Belakangan, hal ini kembali dibahas saat Kementerian Perhubungan merevisi Peraturan Menteri Perhubungan Nomor 118 Tahun 2018. “Saat itu sedang dibahas. Merekrut (menggerakkan mitra) seperti menarik karyawan. Sudah dibicarakan, tapi belum bisa dilakukan,” katanya kepada Katadata.co.id, pada September 2019.
Aplikator seperti Gojek dan Grab bukan sekadar perusahaan transportasi. Kedua startup dengan valuasi lebih dari US$10 miliar ini merupakan penyedia layanan on-demand. Dengan demikian, bisnis mereka berada di bawah naungan Kementerian Komunikasi dan Informatika (Kominfo).
Sementara itu, mantan Menteri Komunikasi dan Informatika Rudiantara menjelaskan status pengemudi taksi online atau ojek bergantung pada ekosistem layanan. “Tergantung model bisnis yang ingin digunakan dan ekosistemnya,” ujarnya di Jakarta, September 2019.
Di Indonesia, Gojek dan Grab merupakan pengembang aplikasi super (superapp). Alhasil, layanan tersebut tidak hanya ride sharing, tetapi juga logistik, food delivery, fintech hingga konten digital.
Oleh karena itu, kedua decacorn tersebut disebut sebagai perusahaan aplikasi, bukan transportasi. Pengemudi juga disebut mitra, bukan karyawan.
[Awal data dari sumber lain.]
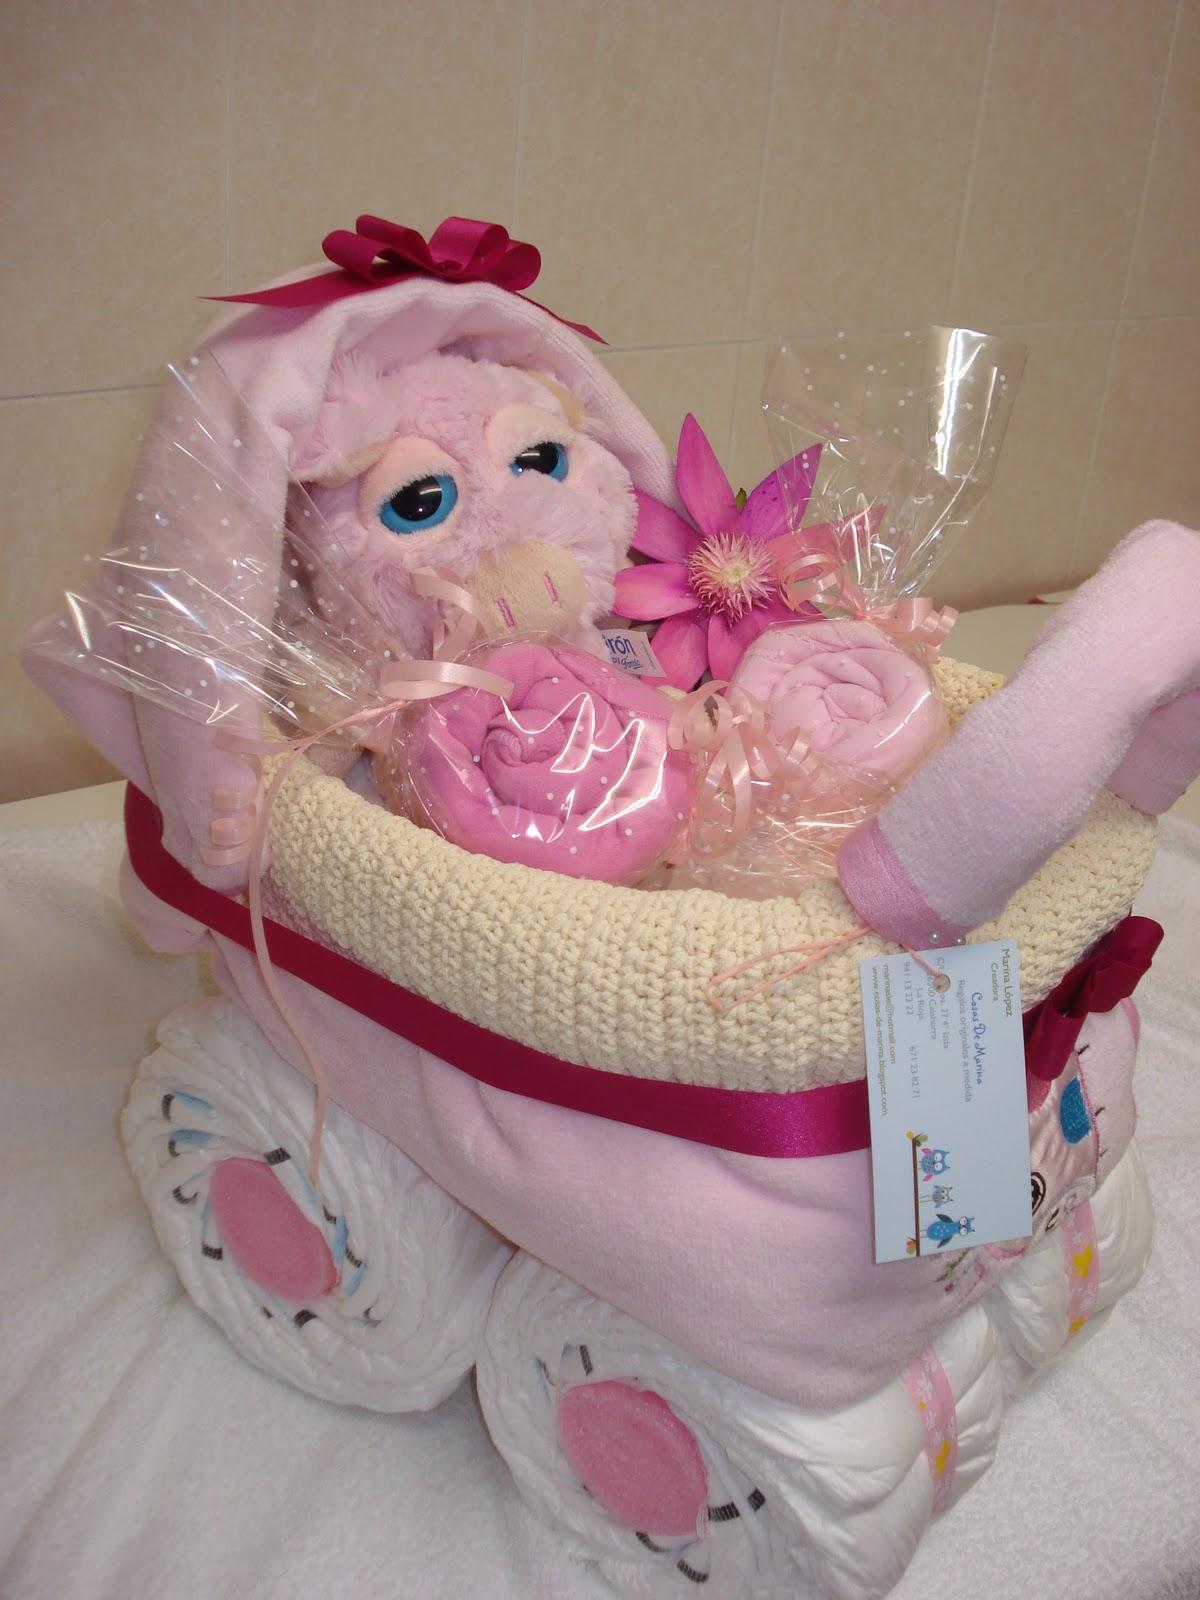 a8d9beb11125 40 Pañales talla de 3 a 6 kg. - Juego de tres toallas de baño para el bebé.  -2 Bodys ML talla de 0 a 3 meses. - 1 Peluche suavinex. - 1 Cesta.

Meski begitu, potensi pengemudi ojek dan ojek online alias ojol menjadi pegawai akan dibahas dalam revisi Undang-Undang Lalu Lintas dan Angkutan Jalan (UU LLAJ).
Kementerian Ketenagakerjaan Dapatkan Pekerjaan BPJS terkait Ojol
Indah tak banyak berkomentar soal potensi para pengemudi taksi dan ojek online alias ojol menjadi karyawan. Tapi dia fokus pada perlindungan.
Kementerian Ketenagakerjaan akan berkomunikasi dengan BPJS Ketenagakerjaan untuk segera mencari solusi konkrit terkait perlindungan pekerja informal termasuk pengemudi taksi dan ojek online alias ojol.
Menurutnya, pengemudi ojek dan ojek online alias ojol sangat penting untuk segera mendapatkan perlindungan sosial yang memadai dari berbagai risiko kecelakaan kerja dan akibatnya.
Dengan menjadi peserta BPJS Ketenagakerjaan, banyak manfaat yang didapat dari program jaminan sosial ini, baik perlindungan bagi pengemudi taksi online maupun ojek alias ojol dan keluarga.
Melalui momentum Hari Buruh Internasional atau May Day, beliau mengajak seluruh pemangku kepentingan untuk:
Memperluas kesempatan kerja Meningkatkan kesejahteraan pekerja dan pekerja Melindungi hak-hak pekerja dan pekerja Meningkatkan produktivitas dan daya saing negara
Terpisah, Menteri Tenaga Kerja (Menaker) Ida Fauziyah menilai hubungan industrial yang harmonis berdampak positif terhadap peningkatan penciptaan lapangan kerja.
“Mari jaga hubungan industrial tripartit yang harmonis, melibatkan pekerja, pengusaha dan pemerintah dengan lebih baik lagi,” ujarnya.